STF — Sort That File.
Utility which may be used to sort binary files on systems with limited RAM.
➭ ./stf --help
Usage of ./stf:
-batch int
Batch size of one bucket (default 33554432)
-bytes int
Values size in bytes (default 8)
-file string
Input file that should be sorted
-out string
Output sorted file
-tmpdir string
Set tmp dir for temporary files (default "./")
-unsigned
Set if values should be interpreted as unsigned
There is an option -batch
that may be used to limit RAM usage of the app (set in bytes).
-bytes
option needs to specify what type of values contains in file. Possible options is: 1 (byte, int8 or uint8), 2 (int16 or uint16), 4 (int32 or uint32), or 8 (int64 or uint64)
-unsigned
options may be used to specify unsigned type of data in file (by default its interpreted as signed)

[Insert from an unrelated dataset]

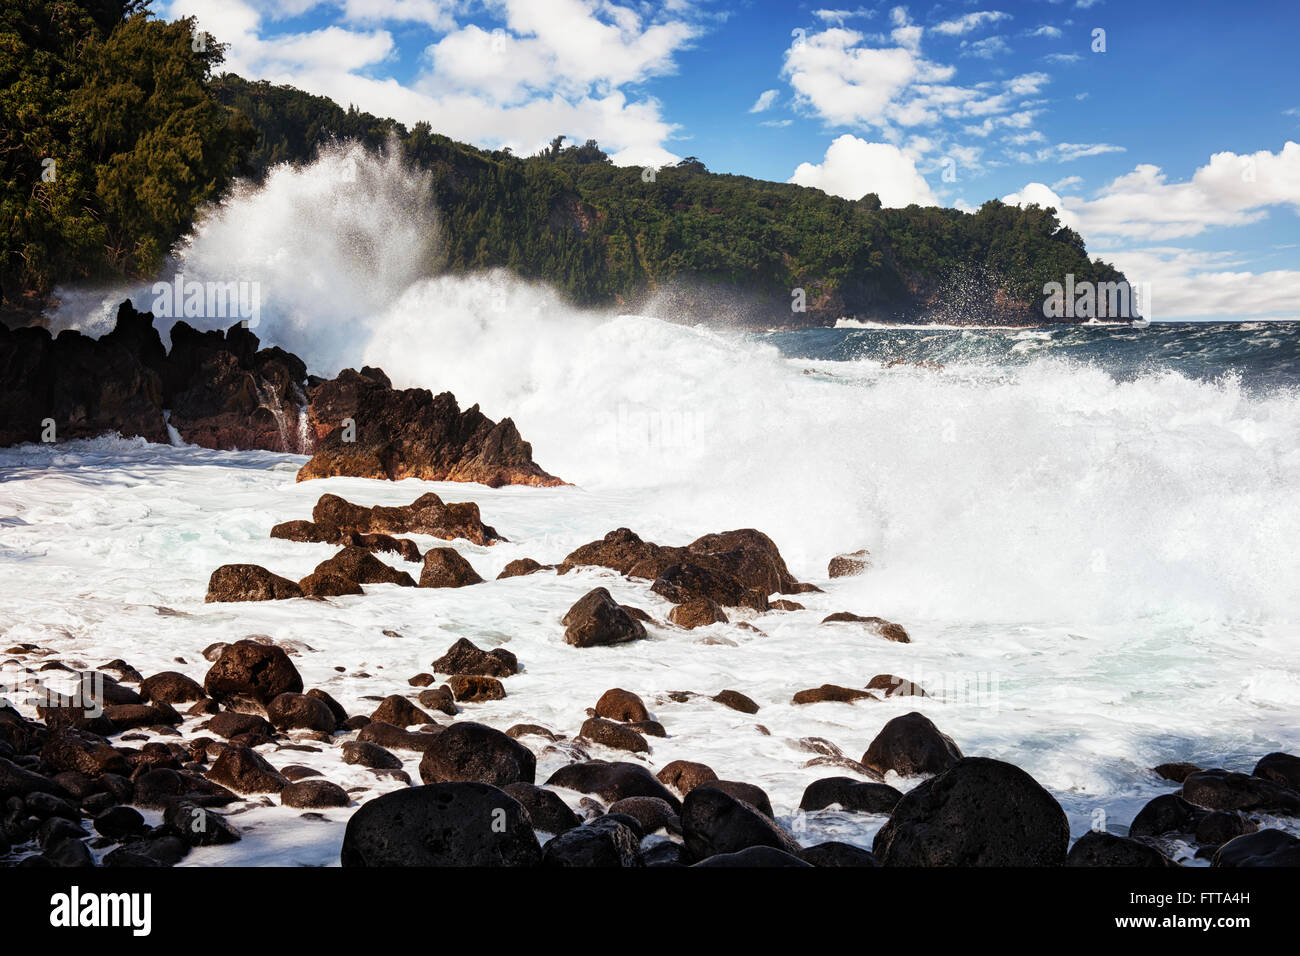 Giant waves and heavy surf pound the lava shoreline at Laupahoehoe Point on the Big Island of Hawaii. Stock Photo

Simplest way to install is just
go get github.com/wierdbytes/stf
Also you can download it from releases page
➭ head -c 10485760 /dev/urandom > 10m.dumb
➭ stf --bytes 2 --unsigned --batch 2097152 --file 10m.dumb
➭ ls -al 10m.dumb.sorted
Also you could pipe input into stf
like so:
➭ cat 10m.dumb | stf --bytes 2 --unsigned --batch 2097152
➭ ls -al .sorted
- Refactor the code (now he just works)
- Make use of parallel execution (now it 1 threaded)
- Cover code by tests (I will, I swear)
- Add support of littleEndian
- ...